------ Records provided
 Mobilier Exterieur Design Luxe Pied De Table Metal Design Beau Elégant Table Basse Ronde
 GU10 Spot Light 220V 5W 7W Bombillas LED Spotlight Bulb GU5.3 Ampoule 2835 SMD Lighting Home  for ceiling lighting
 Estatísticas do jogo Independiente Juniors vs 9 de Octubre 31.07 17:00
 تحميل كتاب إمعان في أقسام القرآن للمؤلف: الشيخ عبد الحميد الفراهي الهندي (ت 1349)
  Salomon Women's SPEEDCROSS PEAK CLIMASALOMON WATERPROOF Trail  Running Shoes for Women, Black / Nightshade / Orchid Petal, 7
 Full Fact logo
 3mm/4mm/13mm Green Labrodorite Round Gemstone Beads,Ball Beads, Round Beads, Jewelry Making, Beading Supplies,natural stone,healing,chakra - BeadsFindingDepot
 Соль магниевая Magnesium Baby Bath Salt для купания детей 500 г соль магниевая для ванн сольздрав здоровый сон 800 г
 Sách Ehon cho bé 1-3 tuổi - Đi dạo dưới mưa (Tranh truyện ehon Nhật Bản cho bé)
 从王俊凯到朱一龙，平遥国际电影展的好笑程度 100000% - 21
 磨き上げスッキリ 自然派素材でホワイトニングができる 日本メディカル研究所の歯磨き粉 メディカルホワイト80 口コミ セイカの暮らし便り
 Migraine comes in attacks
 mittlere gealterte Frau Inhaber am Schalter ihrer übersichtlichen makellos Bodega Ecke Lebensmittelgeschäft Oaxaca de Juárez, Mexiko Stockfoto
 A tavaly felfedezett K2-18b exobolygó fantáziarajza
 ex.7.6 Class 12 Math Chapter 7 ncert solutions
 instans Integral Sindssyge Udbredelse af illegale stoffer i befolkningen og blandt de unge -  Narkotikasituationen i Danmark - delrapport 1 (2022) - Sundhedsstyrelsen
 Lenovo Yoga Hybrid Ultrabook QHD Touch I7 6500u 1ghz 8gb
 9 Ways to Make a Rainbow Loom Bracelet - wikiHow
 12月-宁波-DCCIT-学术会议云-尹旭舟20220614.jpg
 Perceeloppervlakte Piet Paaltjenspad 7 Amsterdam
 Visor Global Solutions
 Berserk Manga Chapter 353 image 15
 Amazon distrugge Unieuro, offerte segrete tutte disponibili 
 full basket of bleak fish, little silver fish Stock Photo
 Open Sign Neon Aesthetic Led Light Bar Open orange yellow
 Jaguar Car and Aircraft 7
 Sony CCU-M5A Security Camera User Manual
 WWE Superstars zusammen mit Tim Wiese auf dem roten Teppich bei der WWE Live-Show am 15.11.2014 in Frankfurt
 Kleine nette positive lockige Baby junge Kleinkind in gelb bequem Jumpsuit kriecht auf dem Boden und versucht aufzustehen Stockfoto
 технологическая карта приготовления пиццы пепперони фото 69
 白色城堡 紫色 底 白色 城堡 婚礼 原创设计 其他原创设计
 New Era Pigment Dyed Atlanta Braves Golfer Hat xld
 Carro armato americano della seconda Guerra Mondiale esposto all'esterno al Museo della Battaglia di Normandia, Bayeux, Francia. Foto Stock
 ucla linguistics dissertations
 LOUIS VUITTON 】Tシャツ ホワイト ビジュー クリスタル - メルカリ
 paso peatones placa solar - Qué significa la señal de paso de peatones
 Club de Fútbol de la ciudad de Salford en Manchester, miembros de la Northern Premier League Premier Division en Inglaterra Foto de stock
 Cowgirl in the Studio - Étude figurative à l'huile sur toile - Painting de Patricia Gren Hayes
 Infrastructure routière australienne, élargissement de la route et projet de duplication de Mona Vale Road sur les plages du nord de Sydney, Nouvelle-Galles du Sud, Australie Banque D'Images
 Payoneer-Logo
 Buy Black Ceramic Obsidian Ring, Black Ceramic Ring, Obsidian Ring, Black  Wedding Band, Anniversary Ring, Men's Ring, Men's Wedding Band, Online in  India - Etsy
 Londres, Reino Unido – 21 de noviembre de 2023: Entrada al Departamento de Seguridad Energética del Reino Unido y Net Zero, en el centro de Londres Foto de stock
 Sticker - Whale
------------
[What the task asks] Copy exactly, and only, the lines from the line containing "Buy Black Ceramic" to the end of the listing, with both ends included.

[Answer area]
 Buy Black Ceramic Obsidian Ring, Black Ceramic Ring, Obsidian Ring, Black  Wedding Band, Anniversary Ring, Men's Ring, Men's Wedding Band, Online in  India - Etsy
 Londres, Reino Unido – 21 de noviembre de 2023: Entrada al Departamento de Seguridad Energética del Reino Unido y Net Zero, en el centro de Londres Foto de stock
 Sticker - Whale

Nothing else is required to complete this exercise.